When considering the animal model for ischemia studies, several criteria must be evaluated including the animal species and strain, as well as the animal supplier. Ischemia models in mice and rats are common due to the high reproducibility, low cost, and relevance of these species. Despite the large number of genetic knockouts available in mice, rats are favourable in studies that examine the ischemic lesion using noninvasive imaging (magnetic resonance imaging (MRI), computed tomography (CT), and positron emission tomography (PET)). The larger rat brain size facilitates imaging with greater resolution and sensitivity. Previous studies have shown differences between rats of the same strain from different suppliers in response to various insults. For example, Griffin et al. [16] demonstrated large differences in susceptibility to neuropathy after nitric oxide (NO) inhibition in Sprague-Dawley (SD) rats supplied by Harlan (Harlan, Michigan, USA, HN) and Charles River (Charles River, Quebec, Canada, CR). Similarly, Pollock and Rekito [17] suggested that NO plays a more significant role in the maintenance of arterial pressure in HN rats compared to CR rats. In addition, an epilepsy study by Langer et al. [18] showed that SD rats supplied by CR have lower sensitivity to status epilepticus induction than HN rats. Therefore, prior to selecting rats for the study of cerebral ischemia, the nature of the study and the variations in anatomy should be carefully noted.

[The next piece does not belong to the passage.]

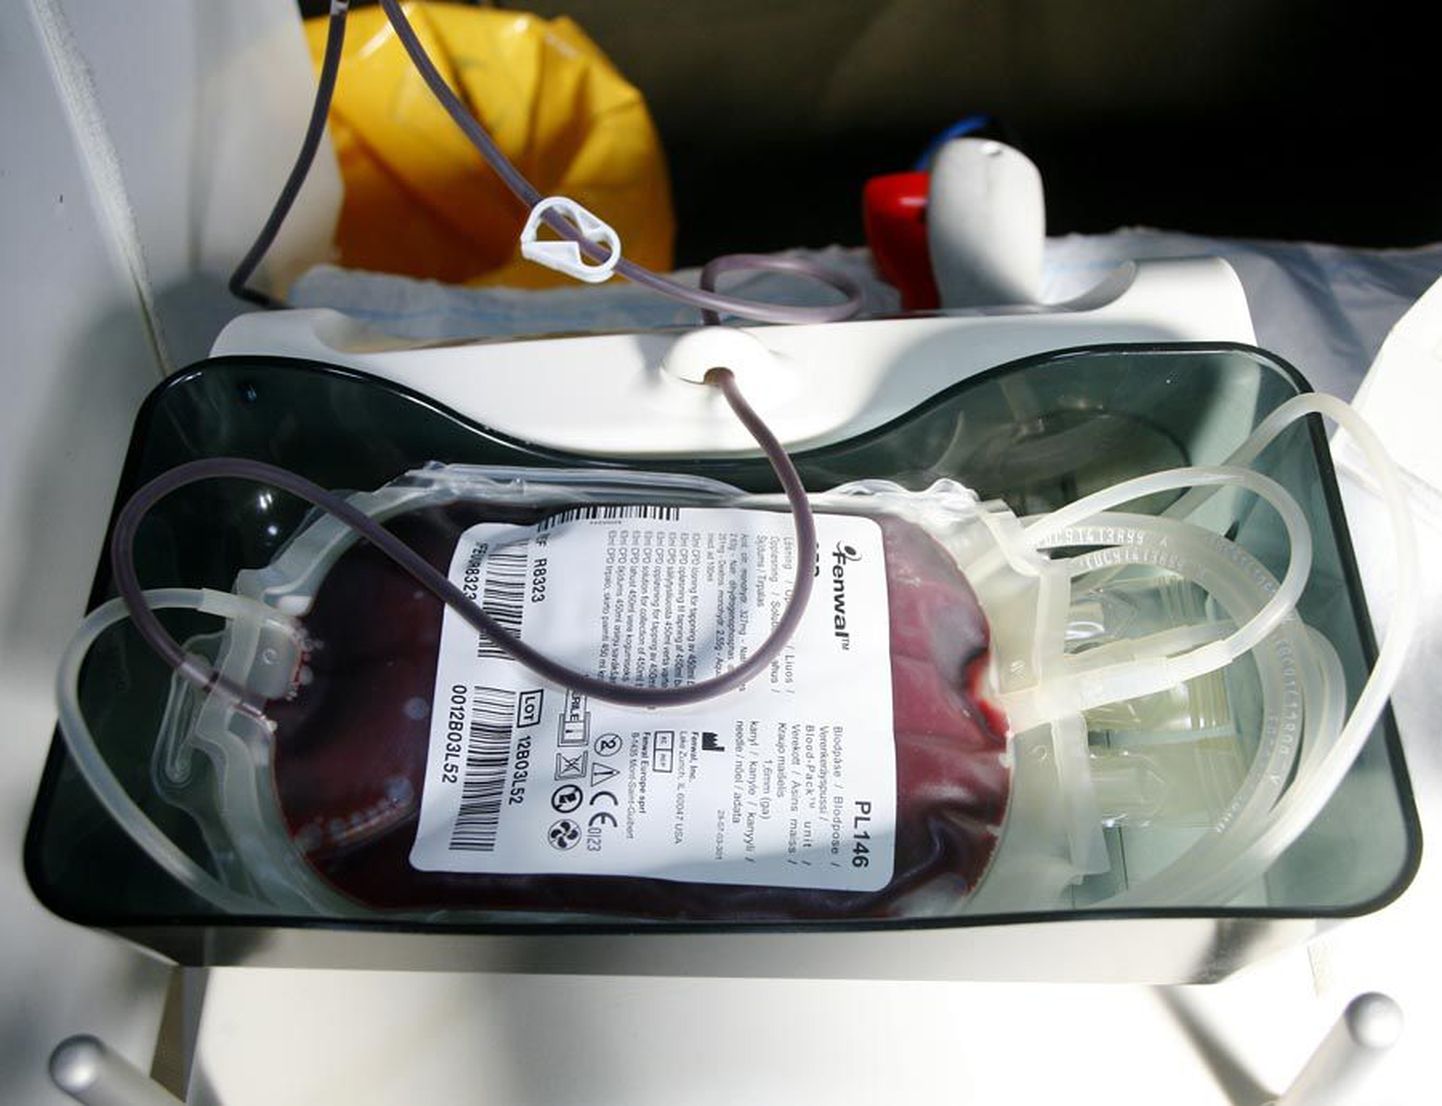 Eelmisel nädalal kaotas verekeskus järjekordse A-hepatiidi juhtumi tõttu igasuguse lootuse, et peagi saab Viljandimaal doonoripäevi korraldada. Sel nädalal andis terviseameti epidemioloogiabüroo nõusoleku, et teatud tingimustel võib Viljandimaal uuesti verd koguma hakata.

Although extensive research has been carried out in the field of animal models, supplier differences, and ischemic outcome [9, 19–26], a direct comparison of Sprague-Dawley rats from different suppliers has not been made for the cautery plus two-vessel occlusion model of ischemia. The severity of injury is highly dependent on the vascular anatomy of the rat including the presence of collateral circulation [24, 25, 27] and also likely dependent on the method of occlusion. Therefore, the purpose of this study was to compare early changes in blood flow within the ischemic lesion measured by computed tomography (CT), lesion size measured by magnetic resonance imaging (MRI), and motor function in Sprague-Dawley rats supplied by Harlan and Charles River.

2. Materials and Methods

2.1. Animal Model

Twelve male Sprague-Dawley (SD) rats (6 from the CR laboratory (average weight ± standard error 352 ± 52 g) and 6 from the HN laboratory (average weight ± standard error 314 ± 21 g)) were studied according to a protocol approved by the Animal Use Subcommittee of University of Western Ontario. Ischemia was induced by occlusion of the left MCA using cautery along with permanent ipsilateral carotid artery occlusion by double ligation, followed by a temporary (1 hour) contralateral carotid artery occlusion.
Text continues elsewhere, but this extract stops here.